I also learned that about five years ago, the Yunnan government began supporting the development of tourism in the province’s third and fourth tier provincial cities–like Tengchong. By 2017, policies included more real estate development, with an emphasis on second and retirement homes. These new developments tend to be either collaborations between large out-of-province enterprises and local governments, or commercial projects that are given to national level enterprises, which (again and unsurprisingly) are either provincial level or out-of-province. The Tengchong Tusholdings Ice Kingdom (启迪冰雪小镇), for example, construction has begun on the state of the art indoor ski slopes and frostbitten recreation areas. The Ice Palace is the central attraction in a development that combines innovation and incubation with high-end living, including villas and triplexes with private gardens. Then we visited a development that was located just outside the city limits. Ground breaking was just over a year ago. The development will have a volcano mouth theme park as well as hospitals and commercial areas for people willing to live roughly 40 minutes from downtown Tengchong.
All this, of course, was interesting, but what actually caught my attention was that many of the young people directly interfacing with the out-of-province clients (such as ourselves) had returned from working in Dongguan and Shenzhen. Our driver, for example, had spent two years in Dongguan working in a factory. Like Xiao Xu, he had married late, gaining experiences outside traditional relationships. At another development in the area, our guide was a Shenzhen University Normal School graduate and had worked as a teacher in Longgang for several years before returning home. Again, she chose to marry “late” and to return home “because there are more opportunities here.” At another, our guide had also worked in “Guangdong.” The point, of course, is that these returnees had both local connections and the social skills, including speaking standard Mandarin to interact with clients. What’s more, they were enthusiastic about Tengchong as well as improving their own standard of living.
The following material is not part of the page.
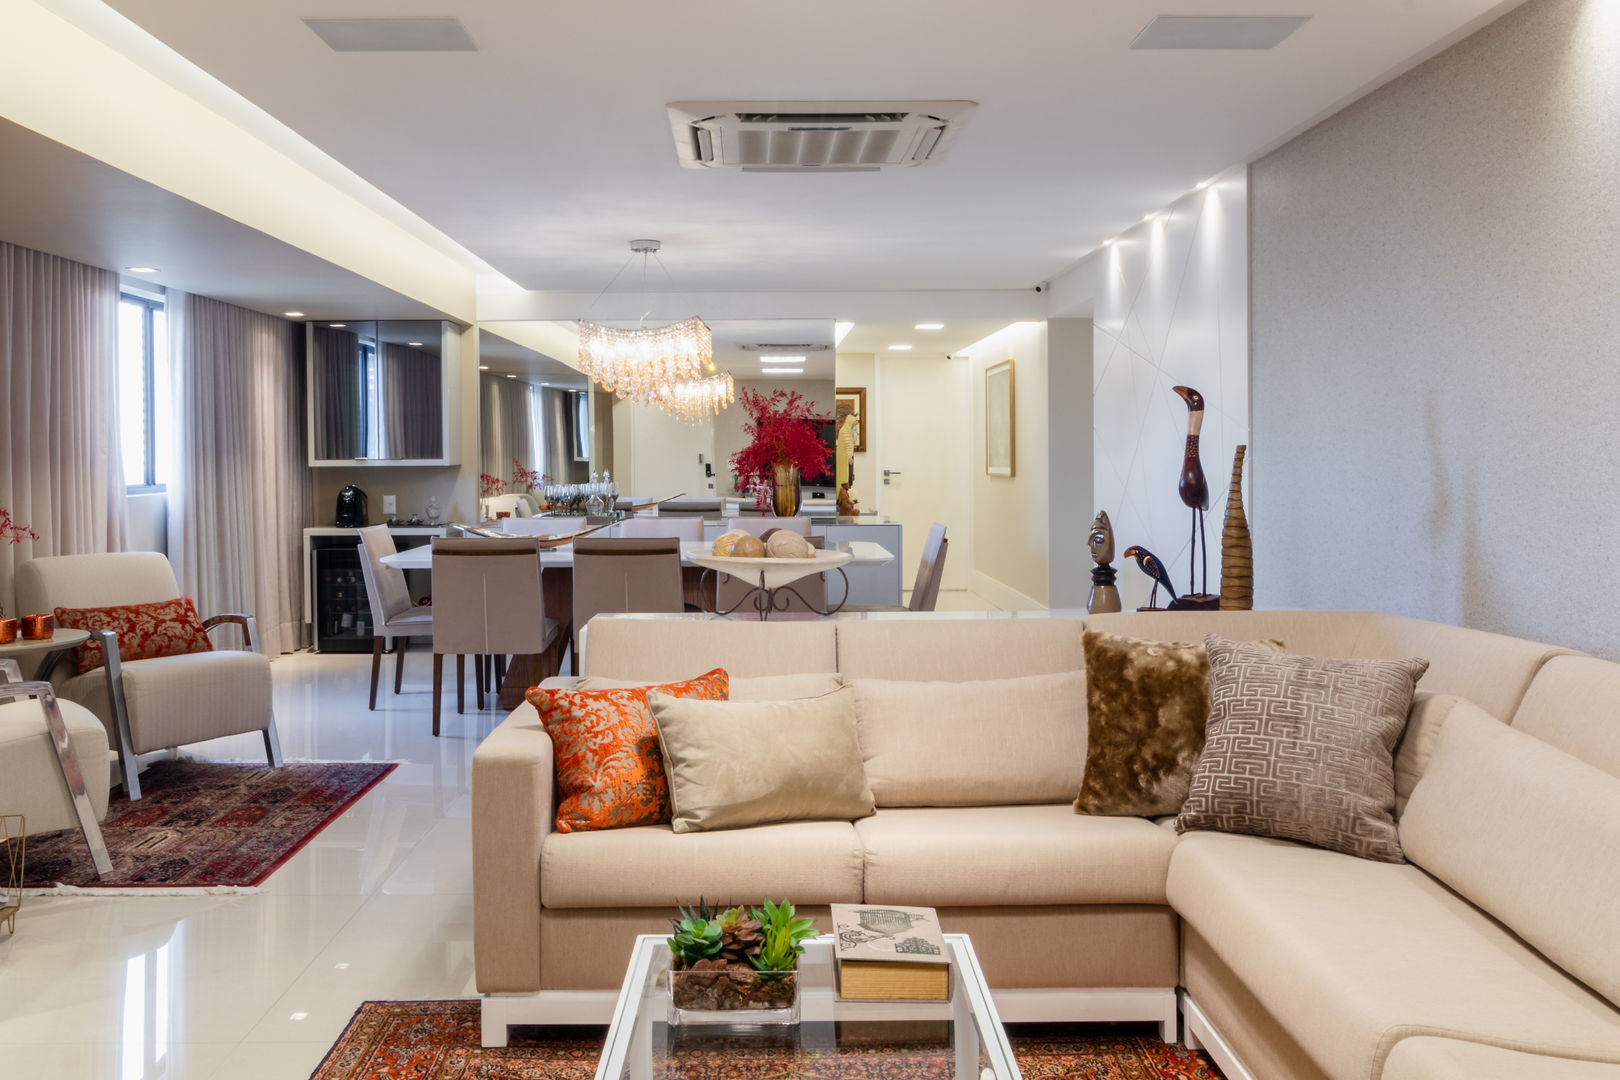 Reforma em Apartamento com toque classico e moderno, em tons claros, Arquitetura Sônia Beltrão & associados Arquitetura Sônia Beltrão & associados Salones modernos
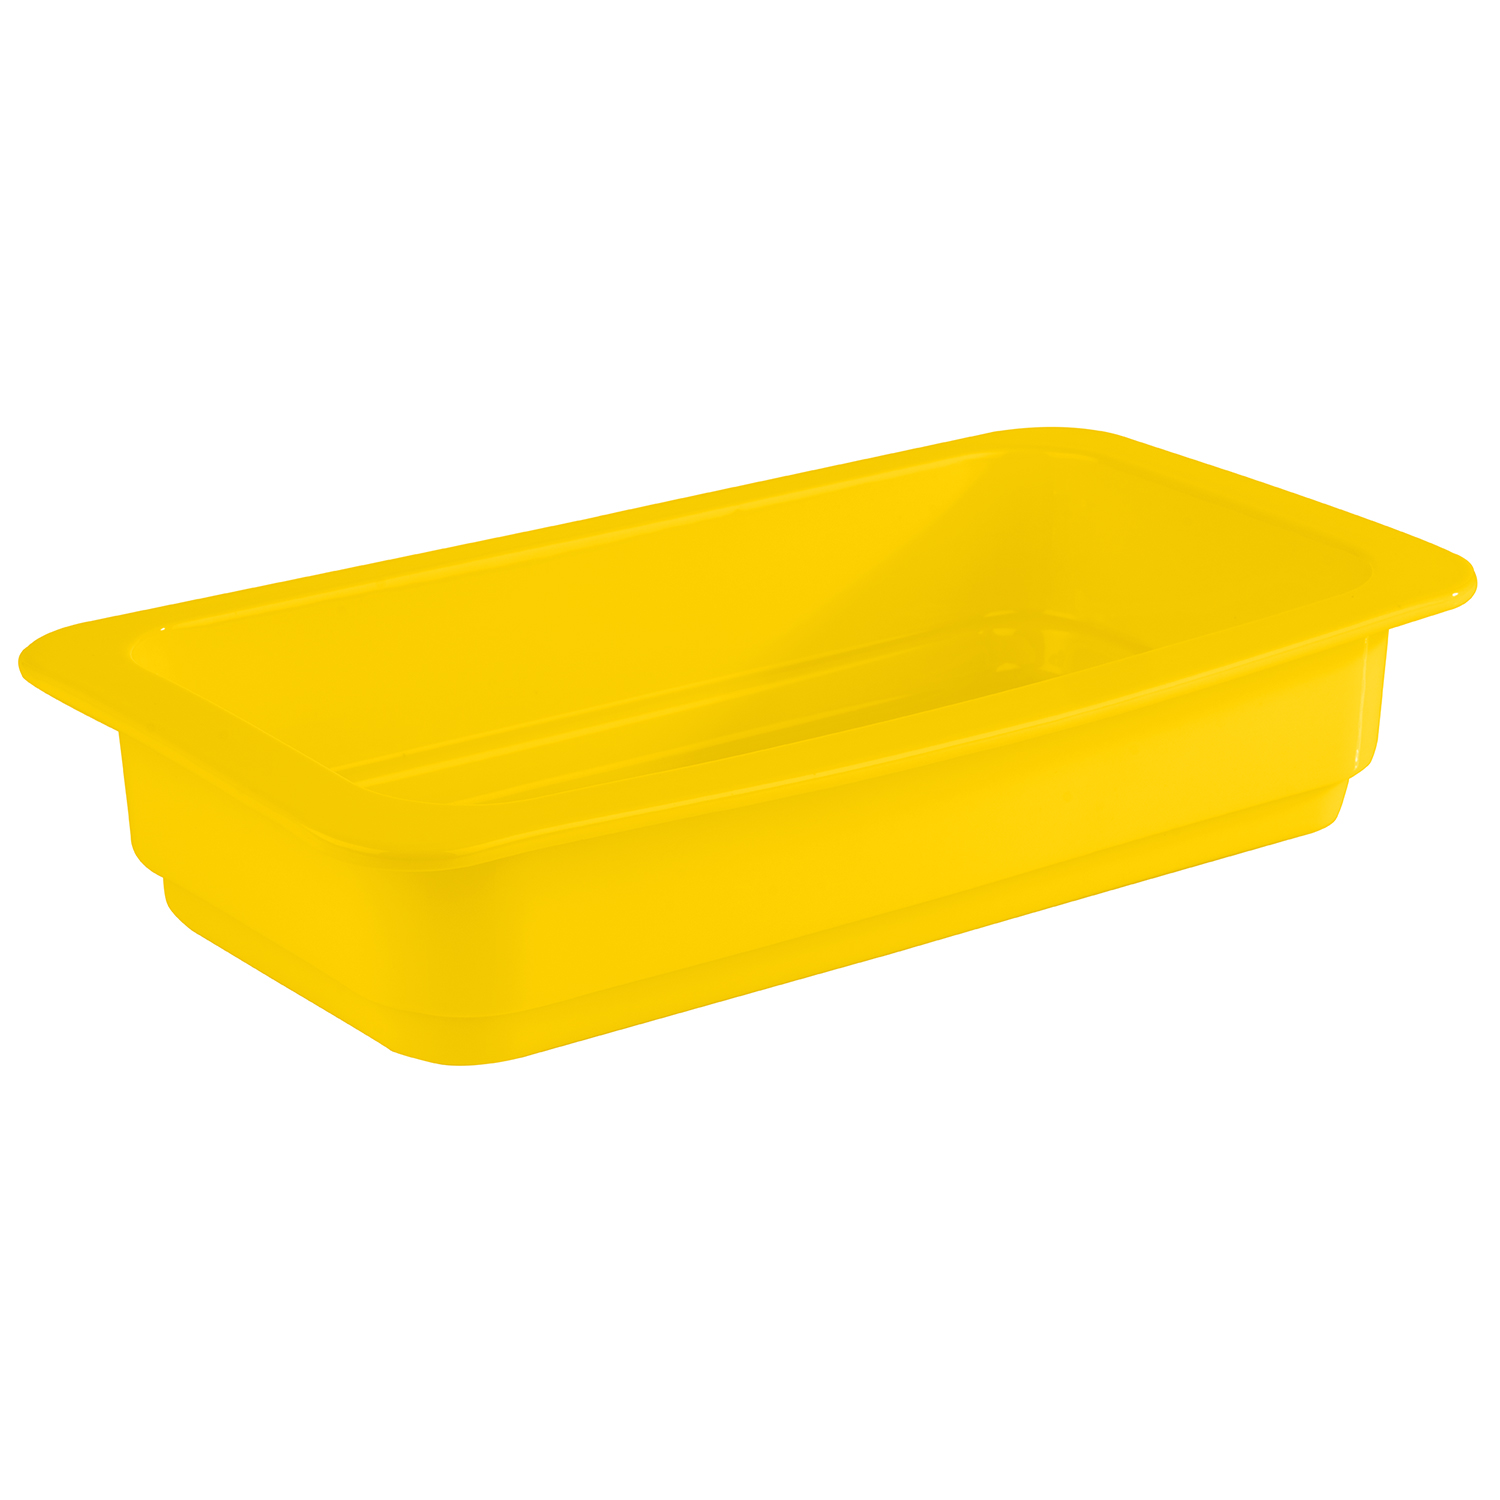 GN 1/3 Behälter, gelb, 32,5 x 17,6 cm, H: 6 cm

All this to say that during my time in Heshun, many of my interactions were with people who were either from Shenzhen or had returned to Tengchong from the PRD. Objectively, I had “known” that many young people were choosing to leave Shenzhen because of a shrinking entry level job market, but this was the first time I had experienced first hand how returnees are mediating the expansion of national developers from the coast to the interior. On the one hand, they know and love their hometowns. On the other hand, they are able to communicate this love to out-of-province clients in terms that are both sincere and highlight the economic potential of a second home here (and not, for example, in neighboring Ruili).
(Apologies. I just realized that the photos I thought I took of the real estate tour are missing in action most likely because my i-phone and I aren’t really in sync. So it’s just a written account of my Shenzhen elsewhere real estate experience. Sigh.)